# Chicagoland October - In Person and Virtual - All Welcome October 16



## mg_dreyer (Oct 5, 2021)

Next Saturday (October 16) the Chicagoland IAP Club will most likely be having it’s last virtual meeting – we have the ok to start meeting in person again and looking forward to December where we will be only live, back at our Rockler store in Bolingbrook Illinois. We cannot wait.

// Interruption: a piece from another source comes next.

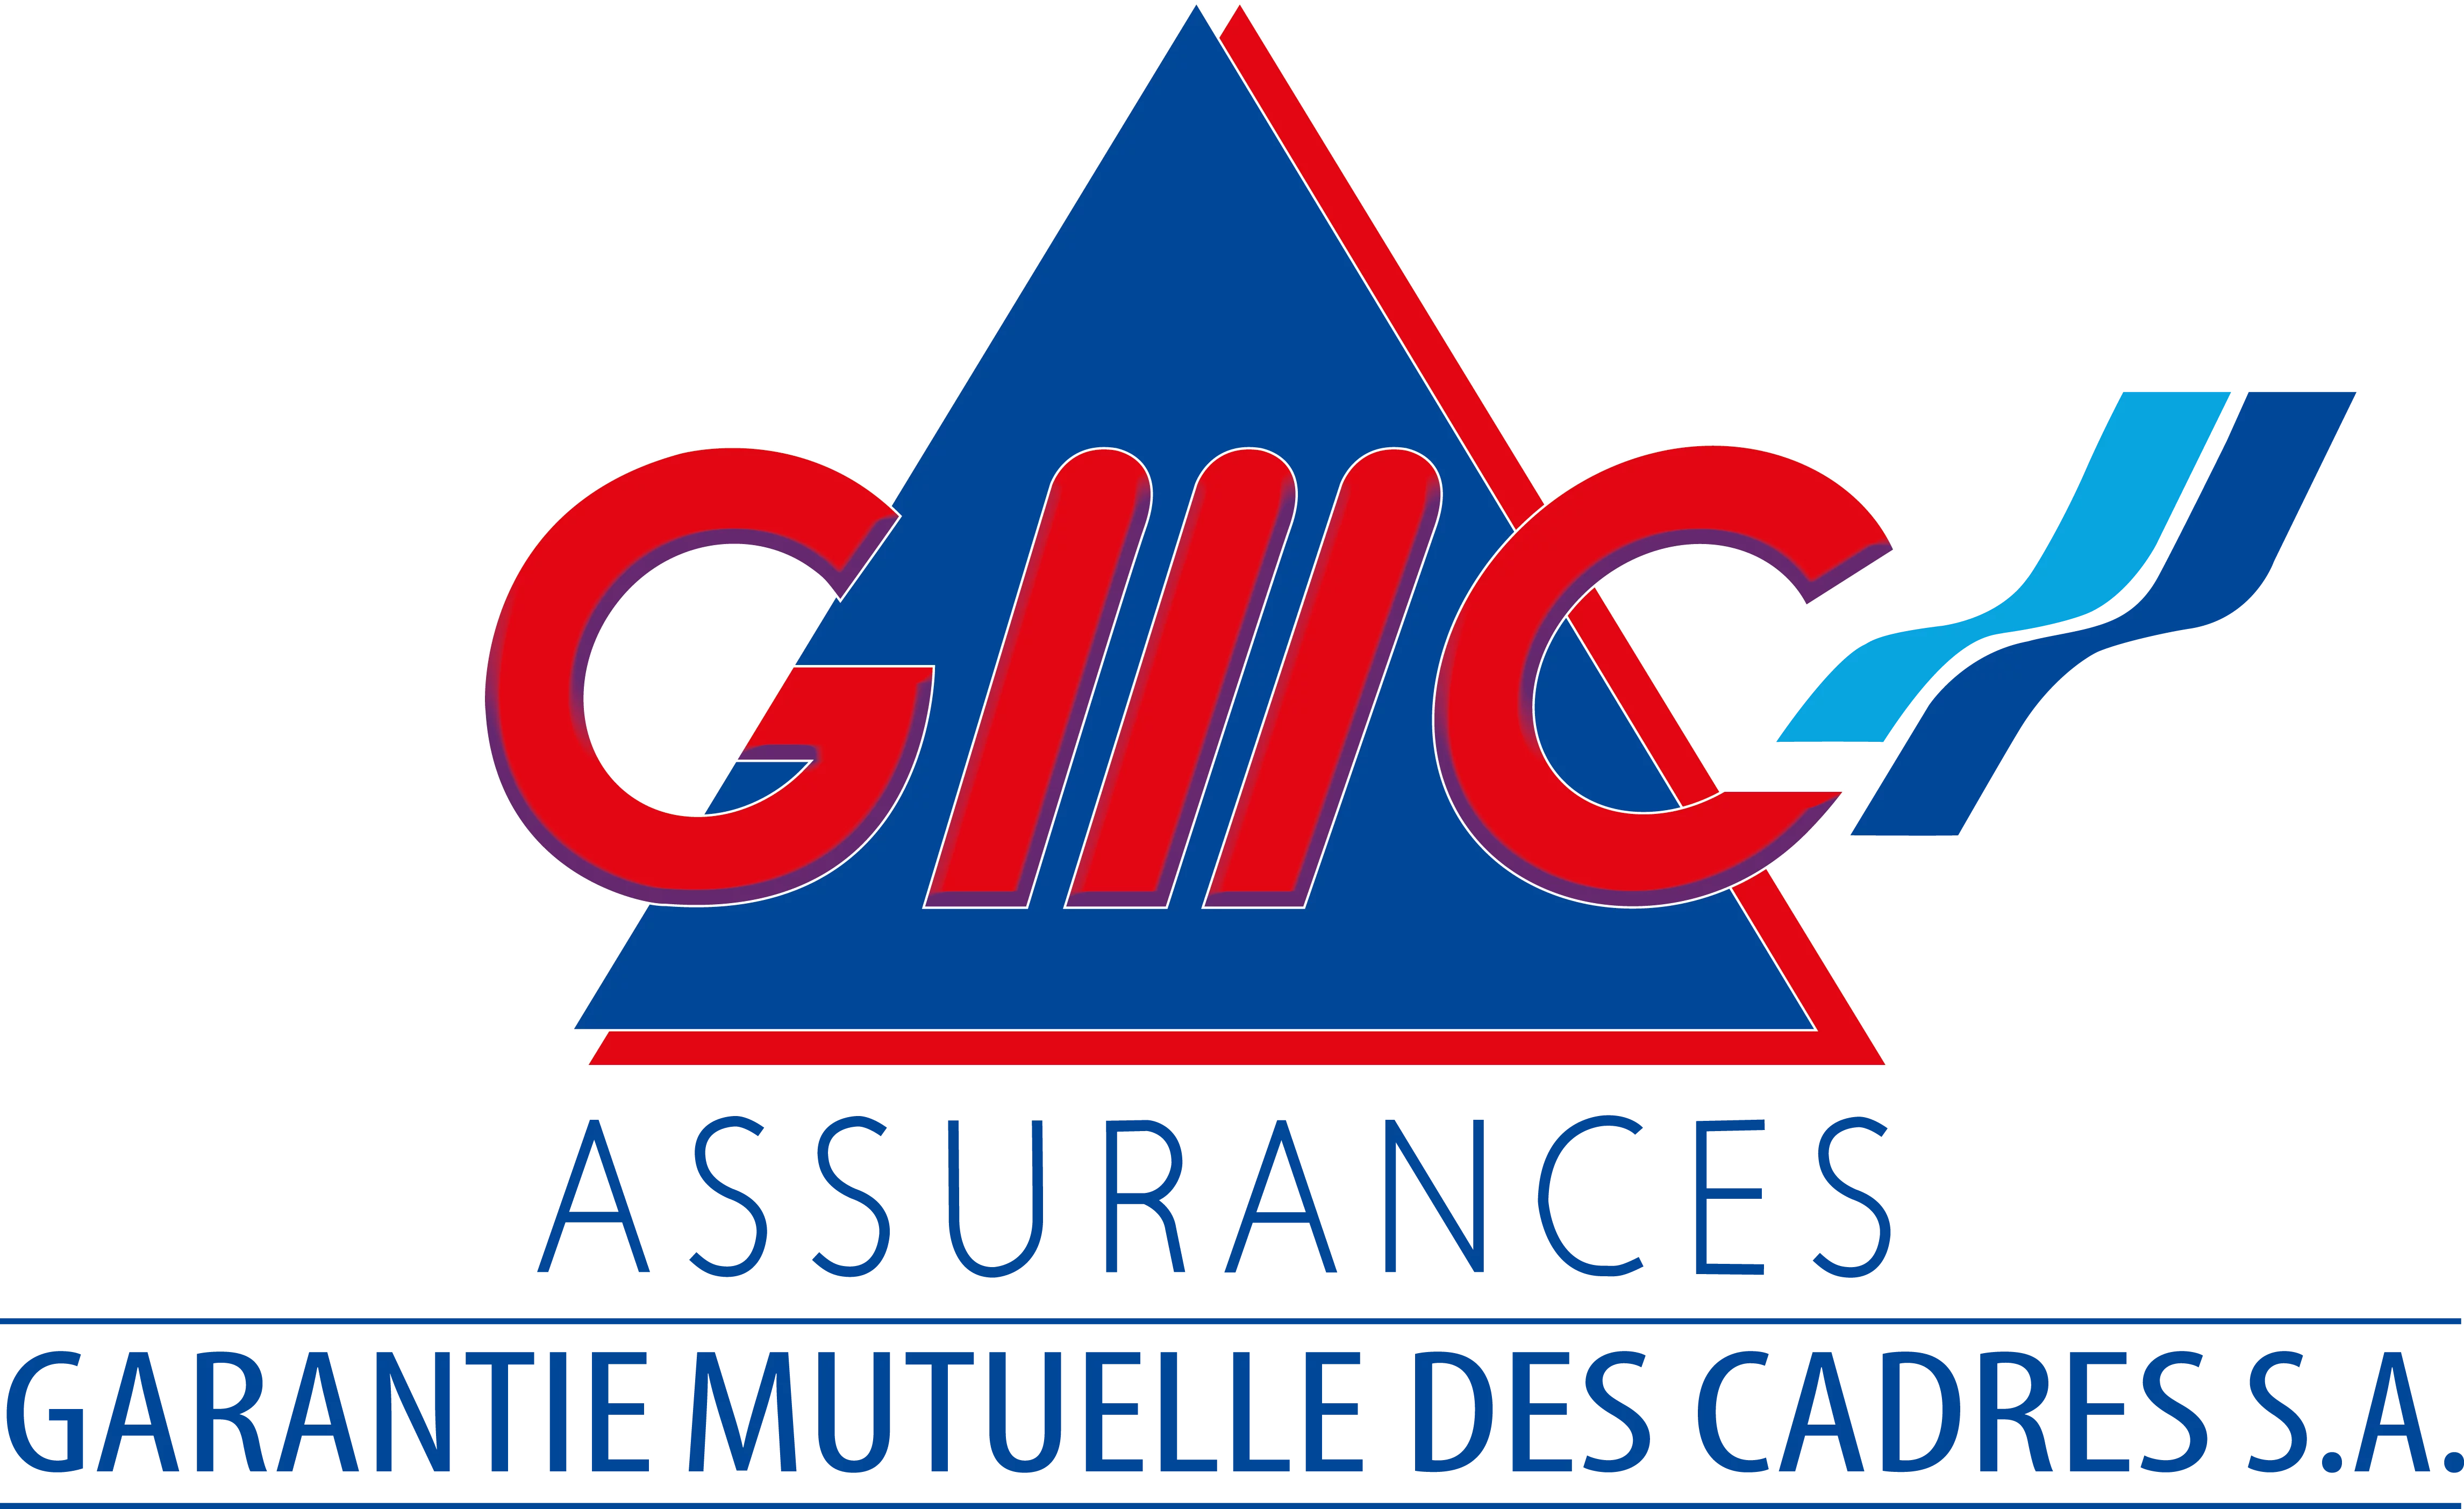 La Garantie Mutuelle des Cadres Assurances recrute des agents commerciaux, Cameroun

We are opening this meeting to everyone – because it is *really a cannot miss*. John Underhill (JohnU) will be giving a special demo of his casting system and how he makes some of the best blanks I think we all agree – we have seen. John will be focusing on his vertical casting method with emphasis on label casting. You don’t want to miss being the first to see his complete solution to casting. This is really a cannot miss.

If you are not currently on the zoom mailing list (or don’t know) – send me a message with your email and I will send the zoom invite. The meeting is October 16 at 10 am CST (we will start the meeting at 9:30). If you are attending in person – masks will be required by state law and you will need to bring a chair. I highly suggest coming out in persona because I understand there might be a surprise drawing from those coming out live.

Either way hope to “see” you October 16. You don’t want to hear about this after.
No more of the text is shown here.